▶ _Data below_:
■ ■ ■ ■ ■
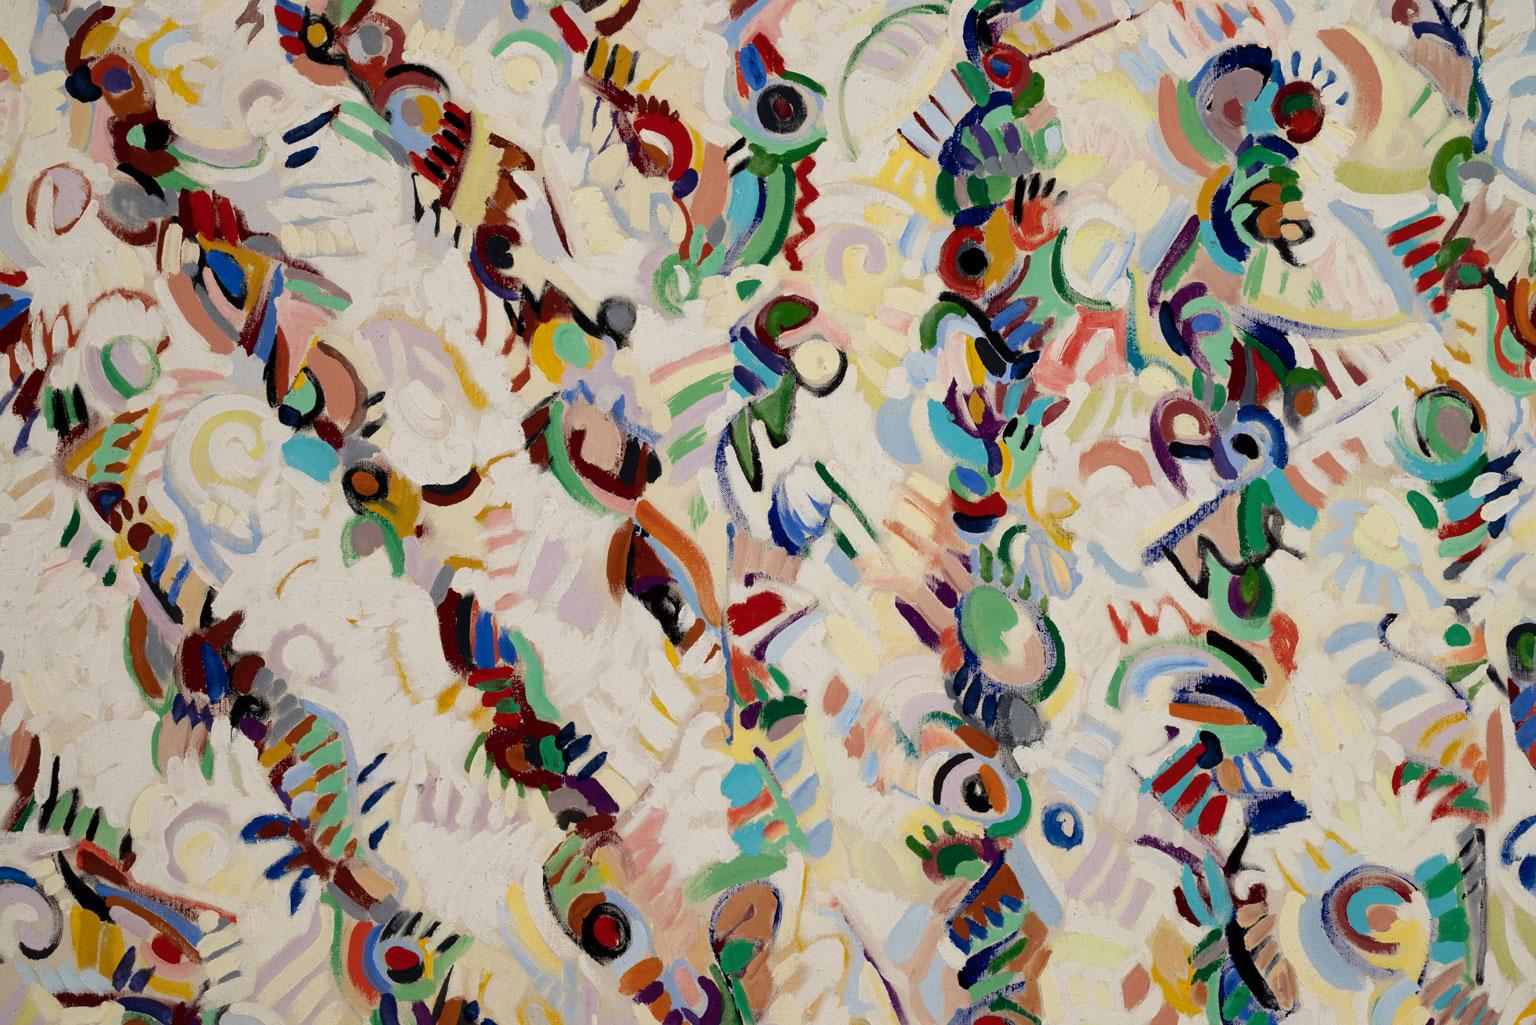 Untitled Abstract, an original oil on canvas by Edward Gilliam, is a piece for the true collector. Gilliam's use of color and paint thickness immediately captivates the viewer. It is very difficult to do the piece justice with 2-D images, but there
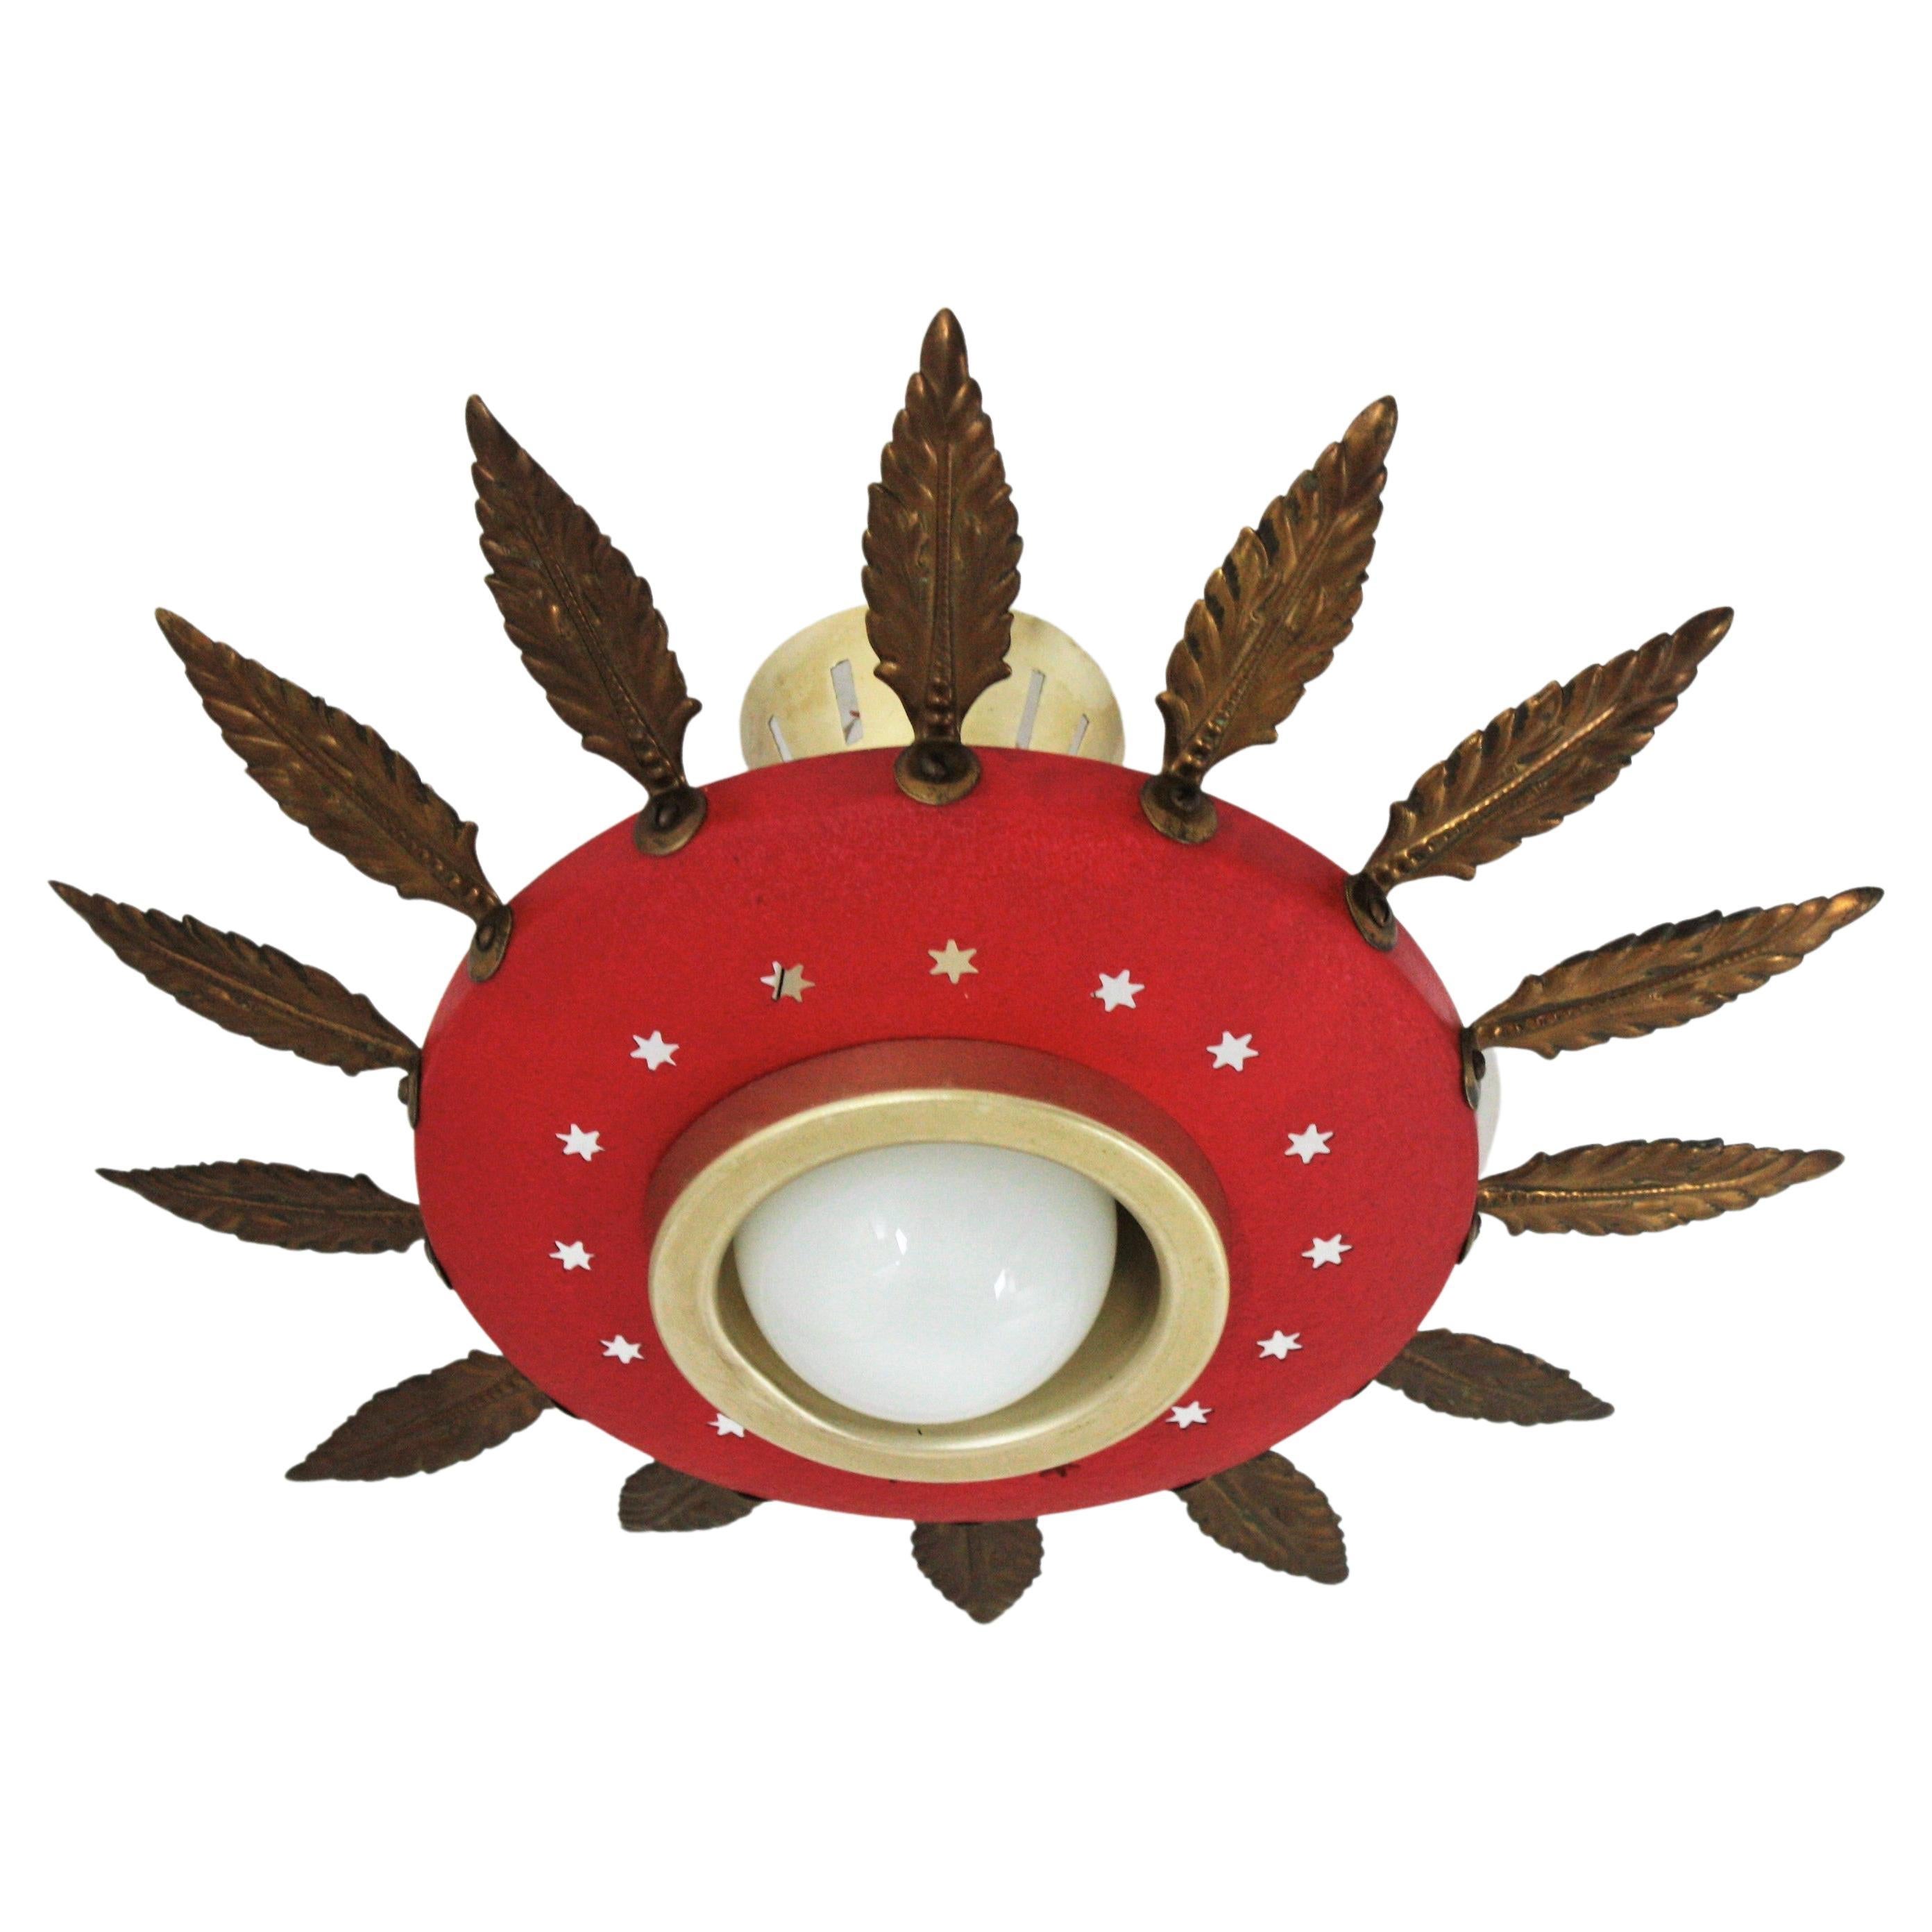 Mid-Century Modern red lacquered metal and brass sunburst suspension light, chandelier or light fixture. Italy, 1950s.
This eye-catching ceiling lamp features a red lacquered metal shade adorned by star shaped perforations. It is surrounded by
■ ■ ■ ■ ■
▶ _Aim of the task_: Without any pictures, repeat the listing exactly.

▶ _Task solution_:
 Untitled Abstract, an original oil on canvas by Edward Gilliam, is a piece for the true collector. Gilliam's use of color and paint thickness immediately captivates the viewer. It is very difficult to do the piece justice with 2-D images, but there
 Mid-Century Modern red lacquered metal and brass sunburst suspension light, chandelier or light fixture. Italy, 1950s.
This eye-catching ceiling lamp features a red lacquered metal shade adorned by star shaped perforations. It is surrounded by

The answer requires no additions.